## TASK OBJECTIVE
What you need to produce from the material below is an exact transcription of the lines from the one with "亞洲航空信用卡驗證碼確認" through the one with "Warrandyte Diary Scott", both included, and no other line.

## RECORDS TO USE
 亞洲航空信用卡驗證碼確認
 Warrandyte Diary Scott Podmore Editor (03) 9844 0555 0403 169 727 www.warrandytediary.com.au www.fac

--

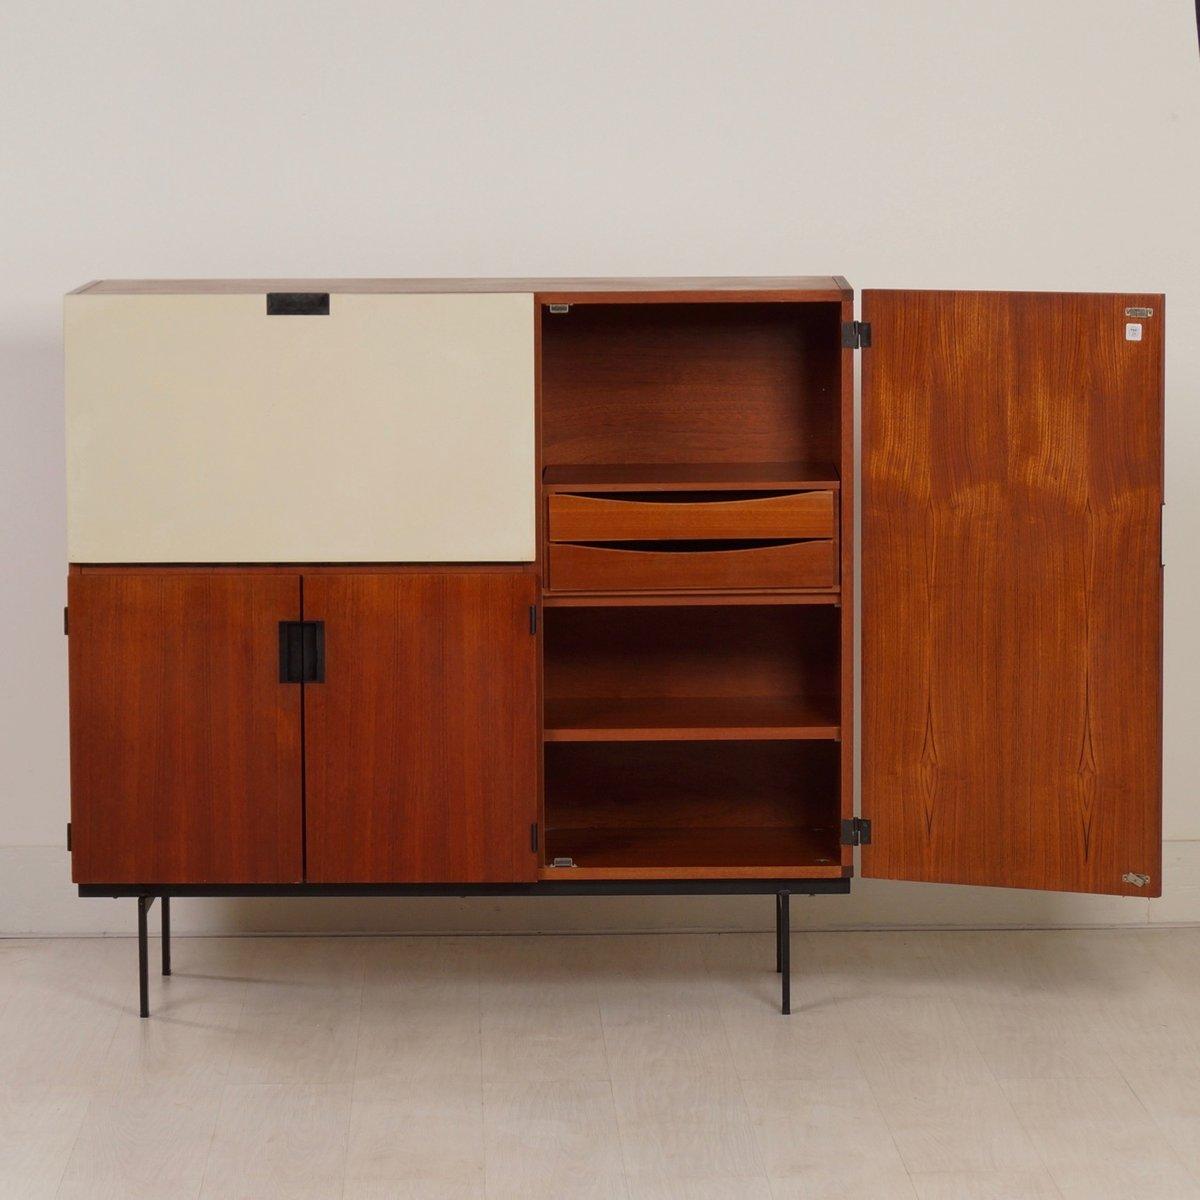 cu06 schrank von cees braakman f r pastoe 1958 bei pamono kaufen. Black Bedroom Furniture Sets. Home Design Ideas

...

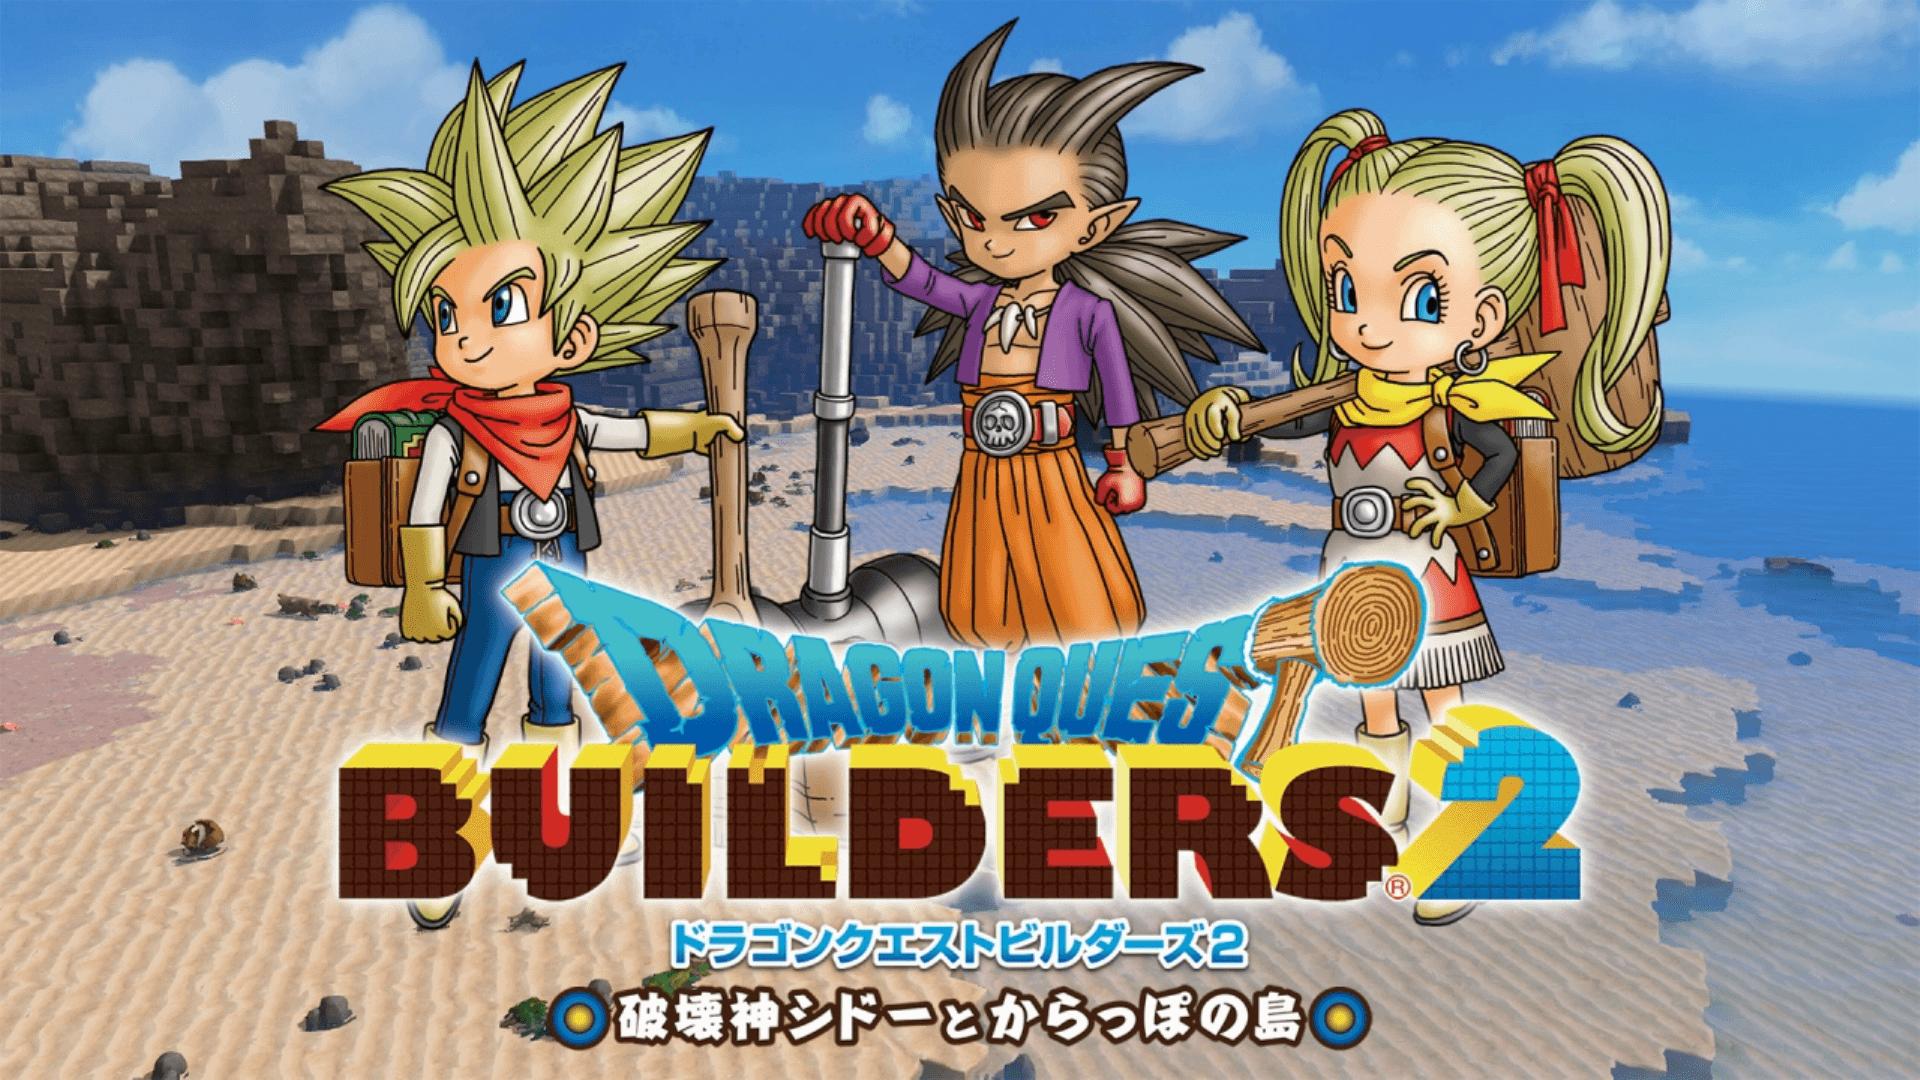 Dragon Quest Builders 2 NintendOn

## RESULT FOR THIS TASK
 亞洲航空信用卡驗證碼確認
 Warrandyte Diary Scott Podmore Editor (03) 9844 0555 0403 169 727 www.warrandytediary.com.au www.fac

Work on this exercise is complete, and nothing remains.